* [About this exercise]: Write out, with no changes, every line starting at the one that contains "Ubiquiti UCK-G2-PLUS UniFi" and ending at the last line of the data below. Leave pictures out.

* [Available data]:
▶
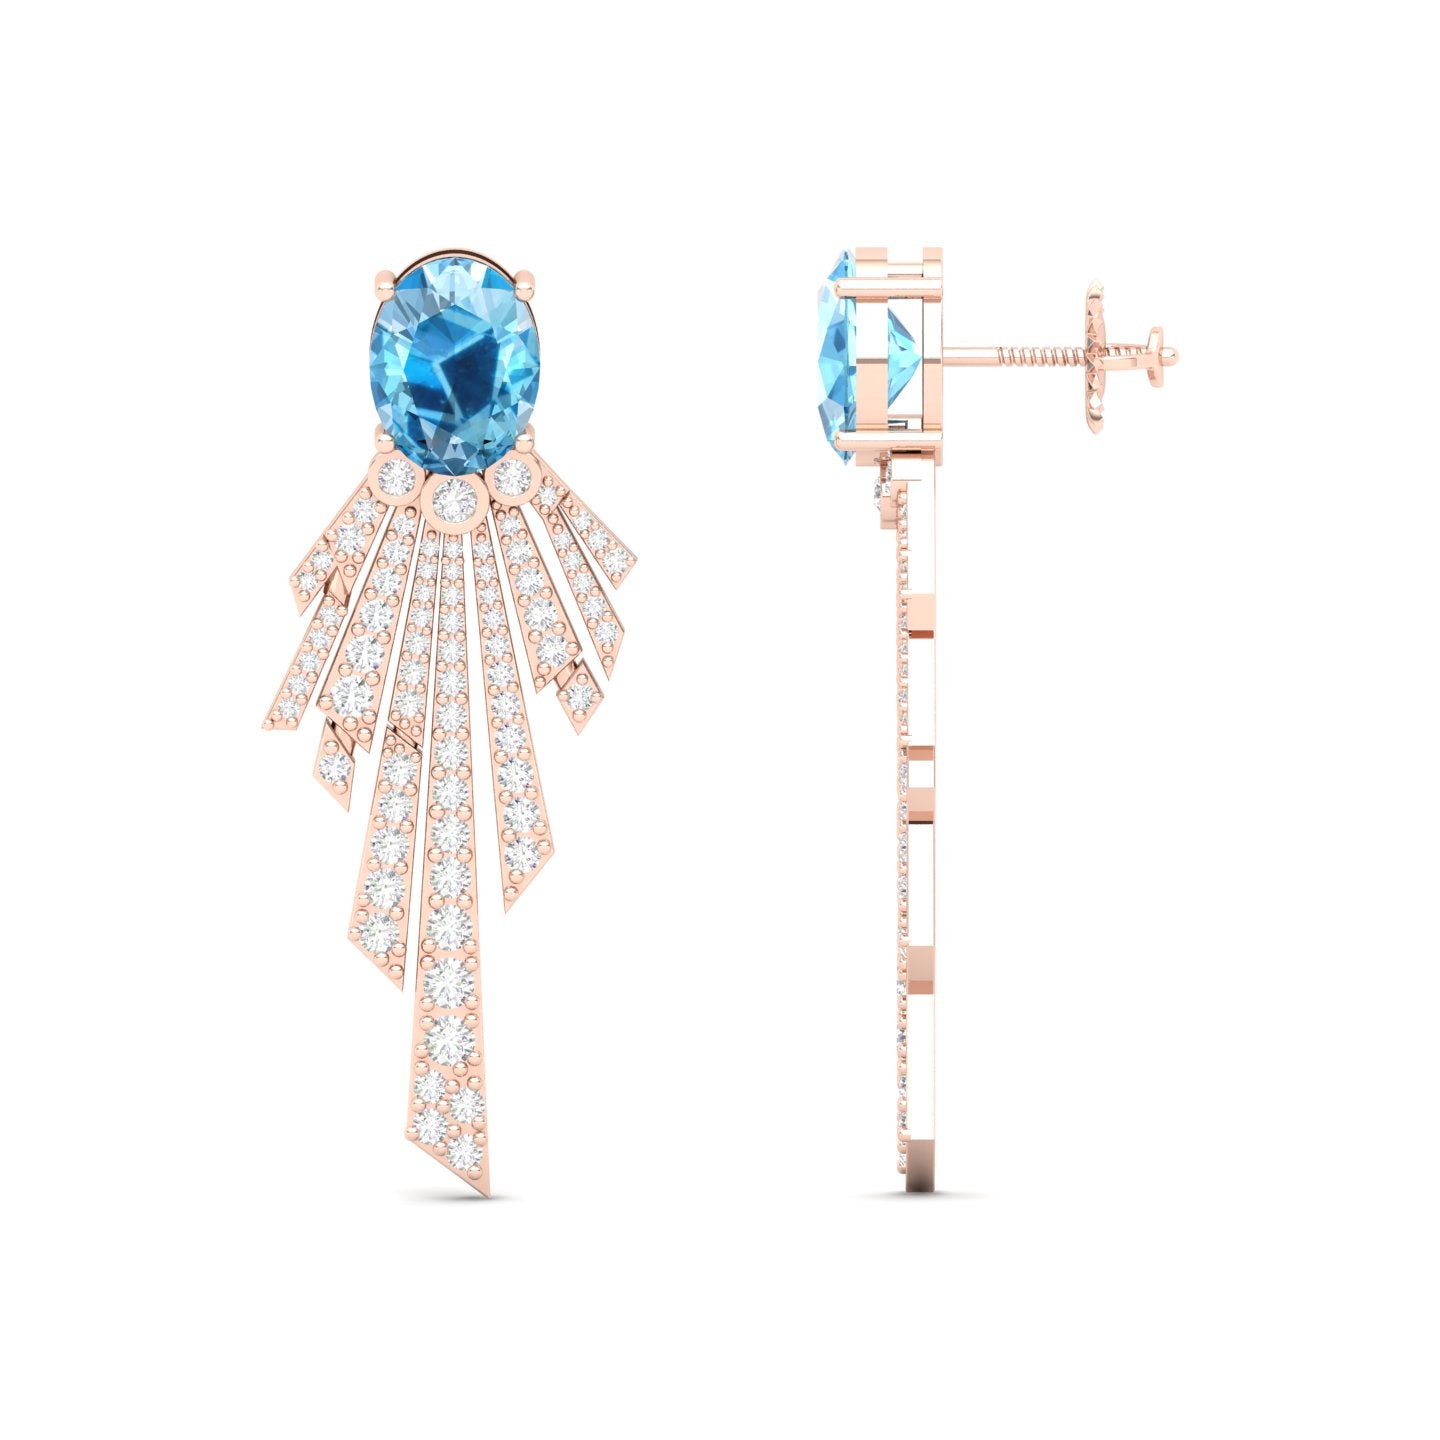 Maurya Blue Topaz Pyre Fashion Earrings with Pave Set Diamonds
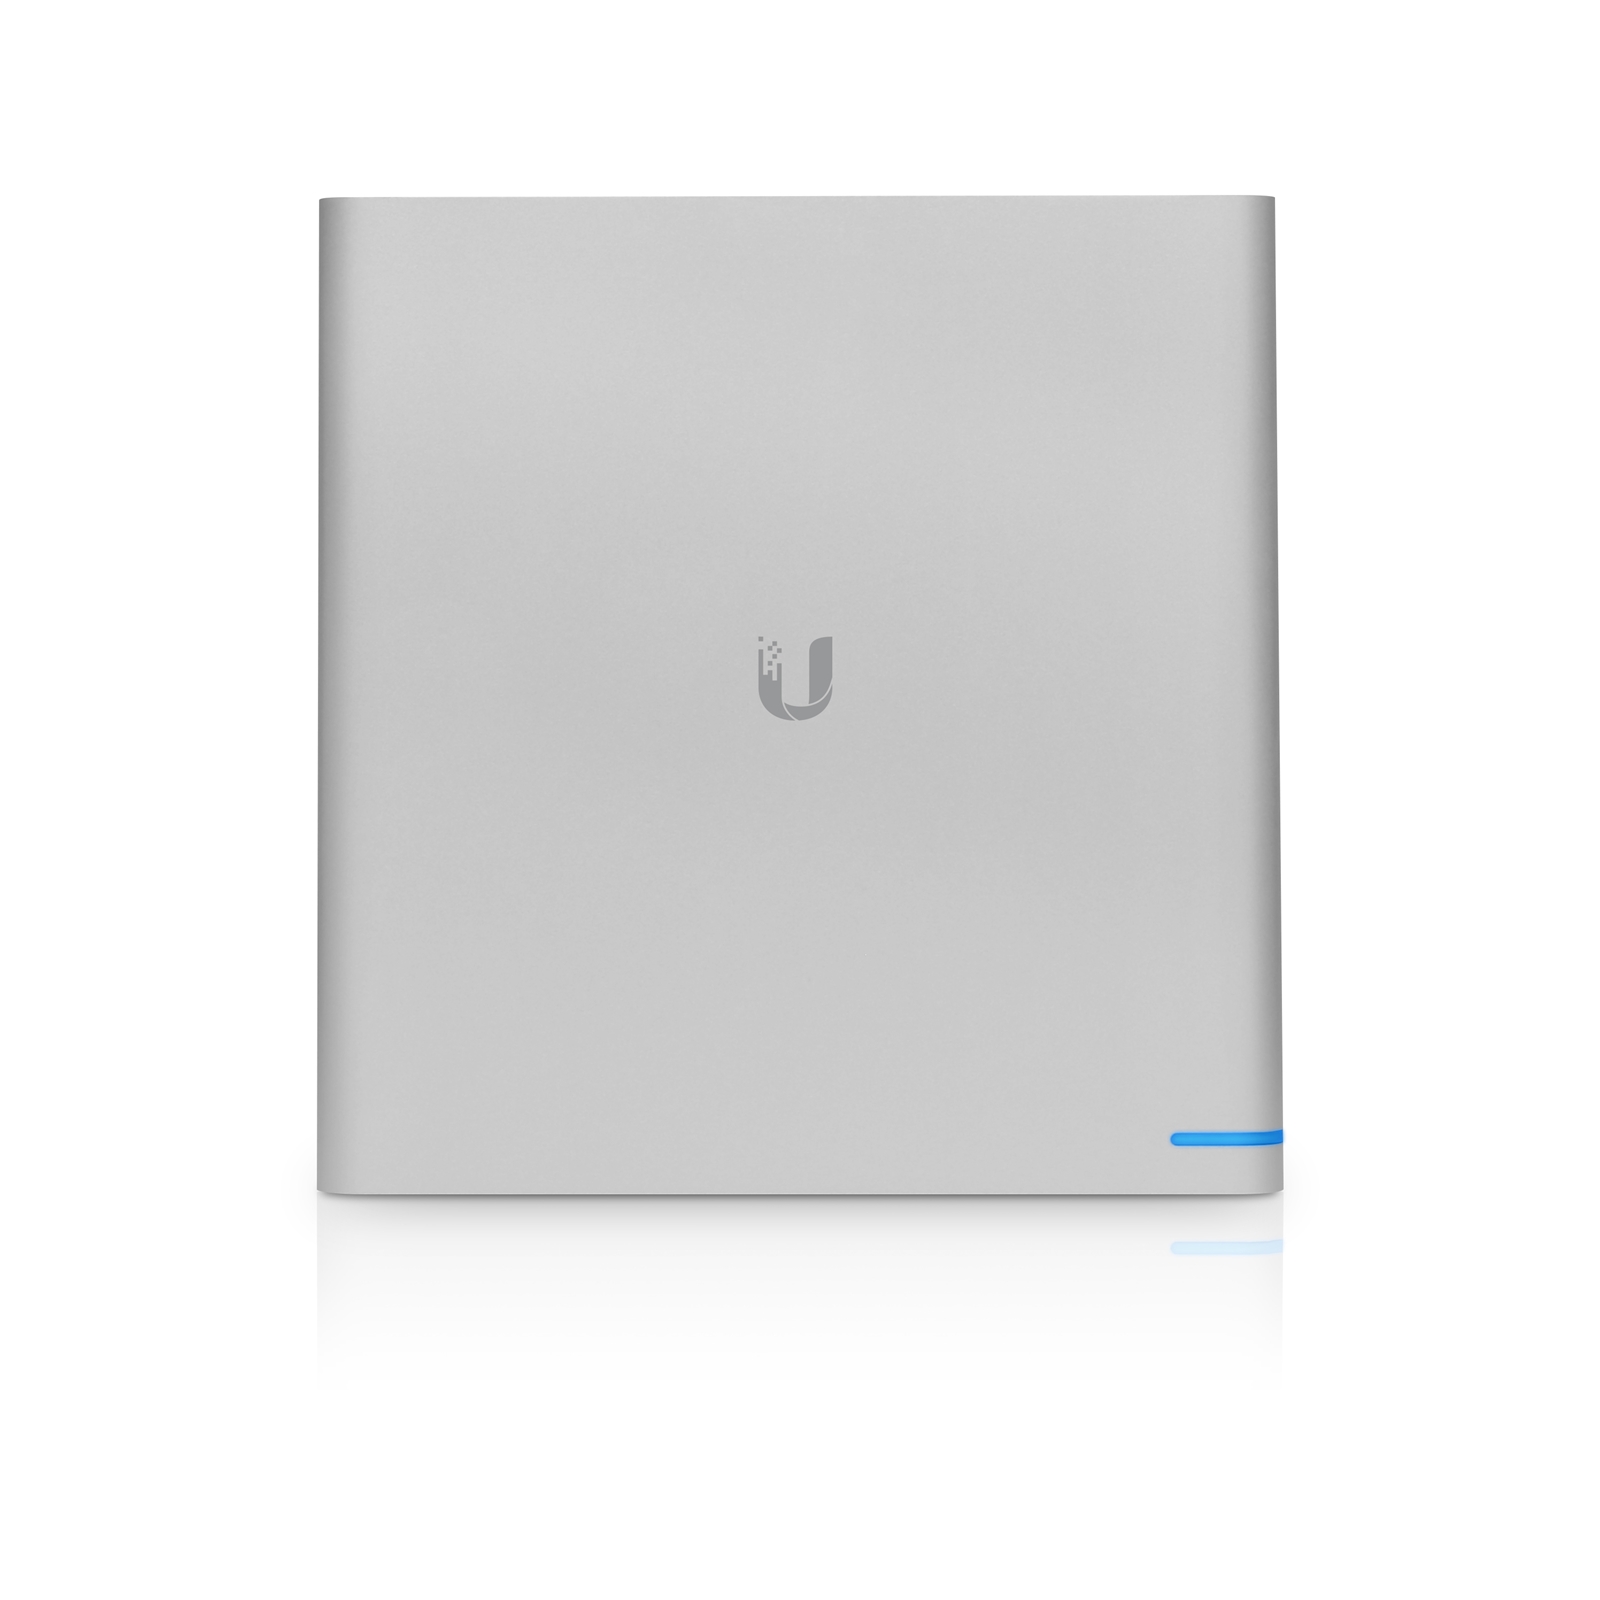 Ubiquiti UCK-G2-PLUS UniFi Cloud Key Gen2 Hybrid Controller with 1TB HDD
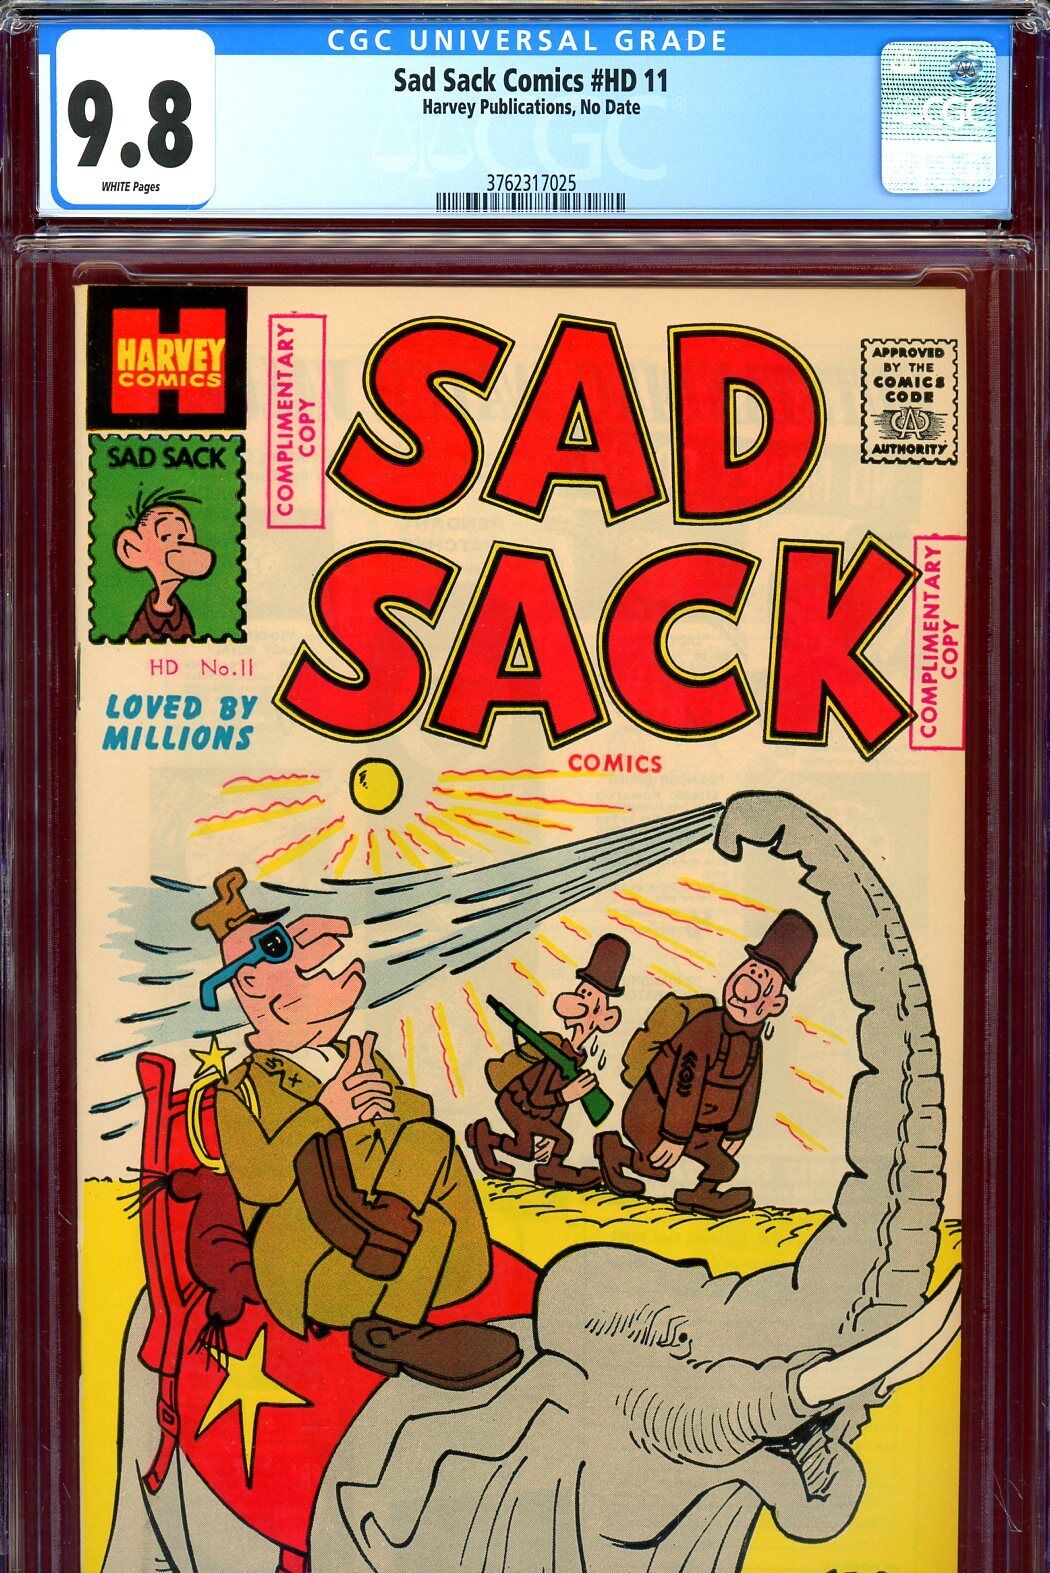 Sad Sack Comics #HD 11 CGC GRADED 9.8 -HIGHEST GRADED- Complimentary copy -1958 
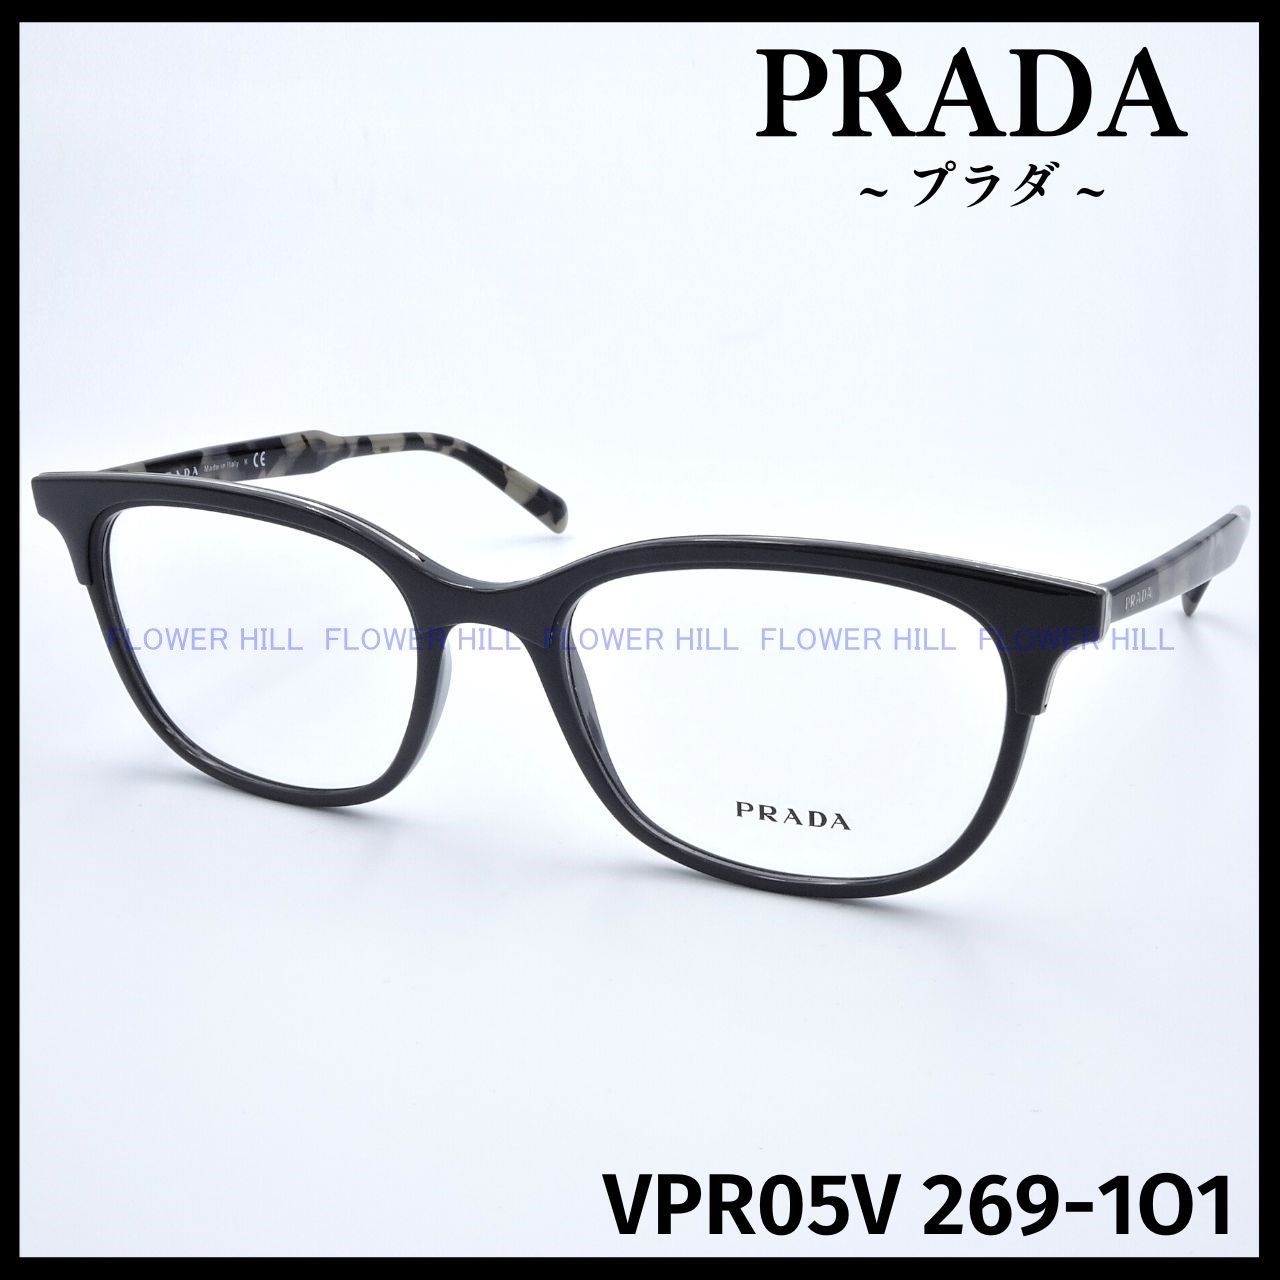 PRADA プラダ メガネ フレーム VPRV  ダークグレー・グレーハバナ ウェリントン サイズ イタリア製 メンズ レディース
◀
* [Answer below]:
 Ubiquiti UCK-G2-PLUS UniFi Cloud Key Gen2 Hybrid Controller with 1TB HDD
 Sad Sack Comics #HD 11 CGC GRADED 9.8 -HIGHEST GRADED- Complimentary copy -1958 
 PRADA プラダ メガネ フレーム VPRV  ダークグレー・グレーハバナ ウェリントン サイズ イタリア製 メンズ レディース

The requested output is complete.